Beneath this instruction is a listing; print exactly the lines in it starting at the line that contains "Juodi Unisex marškinėliai" and going through the line that contains "Игры расставлять мир.".

▸ Supplied records

□ □ □ □

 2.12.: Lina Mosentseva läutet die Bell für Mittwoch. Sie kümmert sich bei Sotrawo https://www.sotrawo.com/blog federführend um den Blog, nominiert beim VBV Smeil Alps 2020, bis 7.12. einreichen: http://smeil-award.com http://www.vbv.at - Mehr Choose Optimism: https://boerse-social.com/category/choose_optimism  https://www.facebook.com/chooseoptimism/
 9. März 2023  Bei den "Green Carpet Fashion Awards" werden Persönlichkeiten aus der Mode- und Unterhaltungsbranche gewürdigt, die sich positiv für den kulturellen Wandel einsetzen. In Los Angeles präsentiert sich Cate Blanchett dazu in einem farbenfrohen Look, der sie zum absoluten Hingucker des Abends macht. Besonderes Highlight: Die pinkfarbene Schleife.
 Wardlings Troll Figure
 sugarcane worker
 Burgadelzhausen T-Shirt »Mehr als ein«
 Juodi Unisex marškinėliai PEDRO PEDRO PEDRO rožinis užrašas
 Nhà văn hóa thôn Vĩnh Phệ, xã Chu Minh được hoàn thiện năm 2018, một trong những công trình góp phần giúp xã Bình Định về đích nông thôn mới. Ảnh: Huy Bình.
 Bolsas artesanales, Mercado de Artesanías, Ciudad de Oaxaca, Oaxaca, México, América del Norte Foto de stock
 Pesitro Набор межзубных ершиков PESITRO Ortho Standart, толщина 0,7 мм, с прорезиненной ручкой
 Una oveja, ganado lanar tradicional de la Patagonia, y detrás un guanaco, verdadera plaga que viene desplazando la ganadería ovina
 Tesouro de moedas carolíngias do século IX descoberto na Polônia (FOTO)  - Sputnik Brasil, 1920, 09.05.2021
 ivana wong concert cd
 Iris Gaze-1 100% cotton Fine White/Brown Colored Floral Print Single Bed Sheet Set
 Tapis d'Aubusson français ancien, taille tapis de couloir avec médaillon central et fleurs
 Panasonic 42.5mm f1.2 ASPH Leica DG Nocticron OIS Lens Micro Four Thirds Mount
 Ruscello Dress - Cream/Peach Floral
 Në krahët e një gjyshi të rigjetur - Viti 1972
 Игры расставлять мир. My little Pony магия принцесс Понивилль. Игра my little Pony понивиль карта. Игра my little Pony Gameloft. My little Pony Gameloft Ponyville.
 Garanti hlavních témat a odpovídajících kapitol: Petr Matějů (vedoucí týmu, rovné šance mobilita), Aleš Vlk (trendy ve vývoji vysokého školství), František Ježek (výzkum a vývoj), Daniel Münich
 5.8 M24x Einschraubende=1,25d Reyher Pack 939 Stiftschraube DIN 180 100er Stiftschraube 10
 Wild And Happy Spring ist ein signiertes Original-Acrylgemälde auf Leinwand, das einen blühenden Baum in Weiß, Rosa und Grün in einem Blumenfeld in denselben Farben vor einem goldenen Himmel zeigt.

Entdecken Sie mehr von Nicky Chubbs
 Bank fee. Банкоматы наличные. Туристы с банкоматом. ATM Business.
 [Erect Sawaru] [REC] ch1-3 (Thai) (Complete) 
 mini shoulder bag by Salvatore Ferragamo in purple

□ □ □ □

▸ Task response
 Juodi Unisex marškinėliai PEDRO PEDRO PEDRO rožinis užrašas
 Nhà văn hóa thôn Vĩnh Phệ, xã Chu Minh được hoàn thiện năm 2018, một trong những công trình góp phần giúp xã Bình Định về đích nông thôn mới. Ảnh: Huy Bình.
 Bolsas artesanales, Mercado de Artesanías, Ciudad de Oaxaca, Oaxaca, México, América del Norte Foto de stock
 Pesitro Набор межзубных ершиков PESITRO Ortho Standart, толщина 0,7 мм, с прорезиненной ручкой
 Una oveja, ganado lanar tradicional de la Patagonia, y detrás un guanaco, verdadera plaga que viene desplazando la ganadería ovina
 Tesouro de moedas carolíngias do século IX descoberto na Polônia (FOTO)  - Sputnik Brasil, 1920, 09.05.2021
 ivana wong concert cd
 Iris Gaze-1 100% cotton Fine White/Brown Colored Floral Print Single Bed Sheet Set
 Tapis d'Aubusson français ancien, taille tapis de couloir avec médaillon central et fleurs
 Panasonic 42.5mm f1.2 ASPH Leica DG Nocticron OIS Lens Micro Four Thirds Mount
 Ruscello Dress - Cream/Peach Floral
 Në krahët e një gjyshi të rigjetur - Viti 1972
 Игры расставлять мир. My little Pony магия принцесс Понивилль. Игра my little Pony понивиль карта. Игра my little Pony Gameloft. My little Pony Gameloft Ponyville.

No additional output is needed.